We were in love. We put a mirror on the ceiling, a chamber pot by the bedside and

began to make it home. He called it enriching the Moriches. I collected green glassware.

He was buying garden tools and stick pins. We bought a boat, a wooden lapstraked Chris

Craft inboard. It was as romantic as the windmill and wanted by no one who had ever

used sandpaper . We set up a badminton court in the cul de sac. We found the path to

the creek then lined it with flowers. We kept the Chase Me Charlie, the boat named

for our favorite Cole Porter song, at the tiny dock . The long quiet ride down the deep

dark creek to the shallow bay was the best part of the trip to the beach. We anchored

near the Moriches Inlet, a challenging nautical adventure for city folk. Anchors

needed both stern and aft were hard to set in the shifting sand. But as a swimmer,

I loved to ride the cold current created by the surging tides in and out of the inlet. We

could cross the dune to the ocean surf and find a huge virtually deserted beach a far

cry from Cooper’s parking lot.

The Italian family next door lived mostly outside in the summers. Their dogs were

outdoor dogs and their Mama cooked over an open fire in the garden where she seemed

to spend all her time. On weekends their son Tony would come in with a boat load

fish and there was always an extra one or two for us. Once he pointed from the

summer afternoon sky to the glistening skin of the fish he held out to me, saying, look,

they are the same. Later that summer, we tried most unsuccessfully to persuade

him to eat the ceviche we had concocted from his latest catch.

We summered in the Moriches during the last years of the true Long Island Duck.

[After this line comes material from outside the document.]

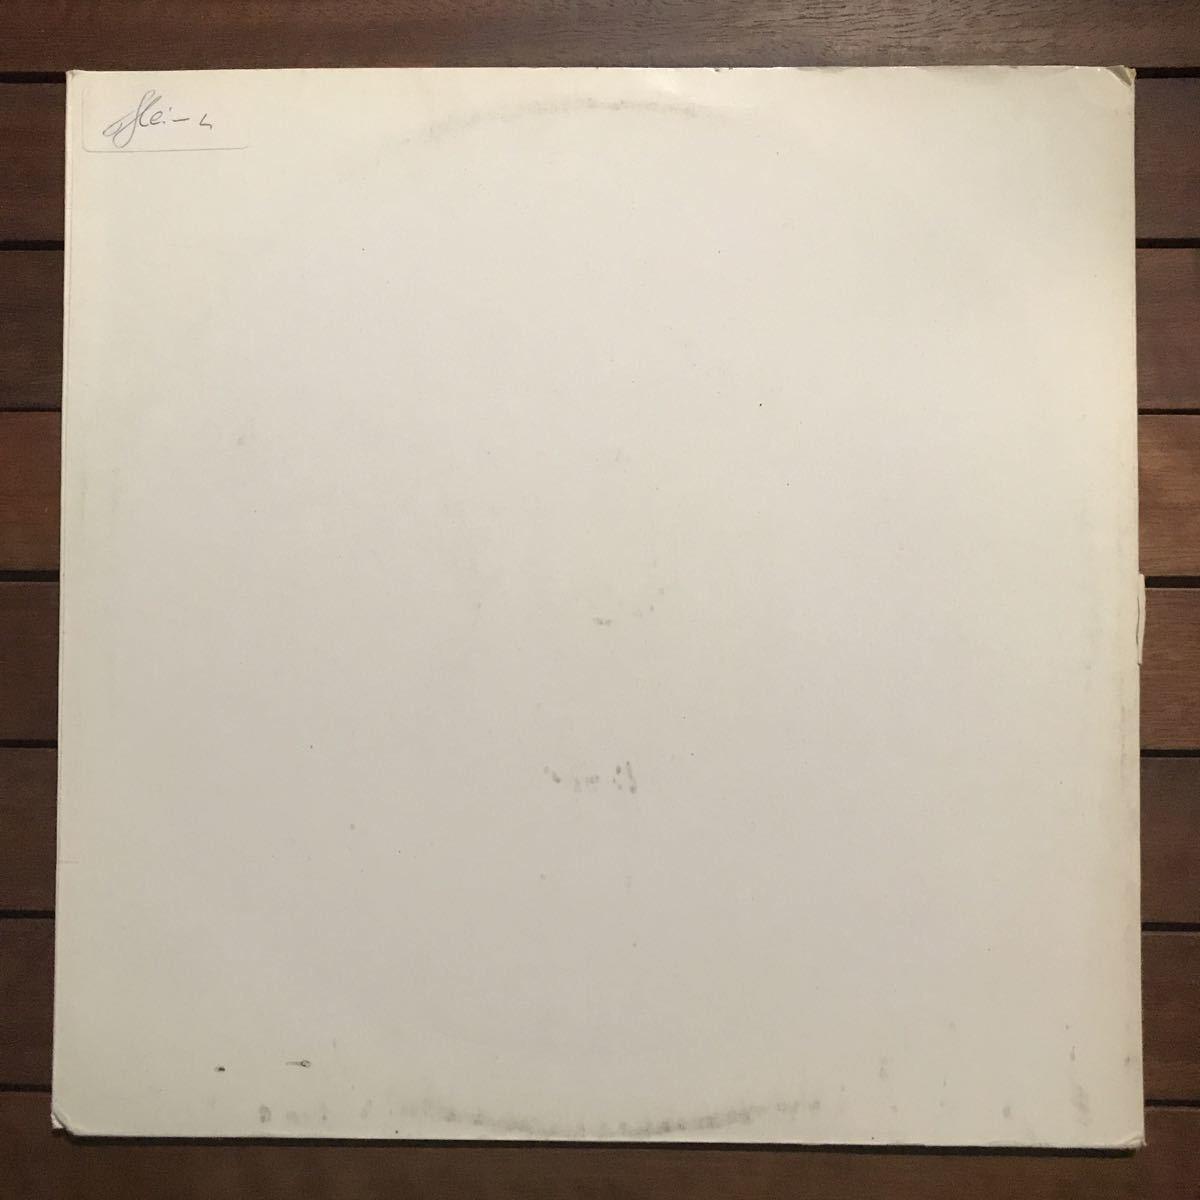 【eu-rap】Twendy Fo / Jump Like A Pump Action[12inch]オリジナル盤《3-2-71》

The Montauk Highway hosted at least two farms nearby enough for us to feast our

senses of smell and sound. The smell was manure like but natural, not chemical.

The sound was nothing less than endearing. A rustle, roaring quacking murmering

chorus of little animals. They must have been ranging freely in some way since they

were always out of doors in ear and nose shot. And the best part was that most of

the farms barbecued fresh ducks for retail sale, the perfect summer take out for a

tired Friday night.

Perhaps the biggest Center Moriches surprise was discovering the gay bar down

by the bay. What a place it was, sited at the water’s edge, a large white resort hotel.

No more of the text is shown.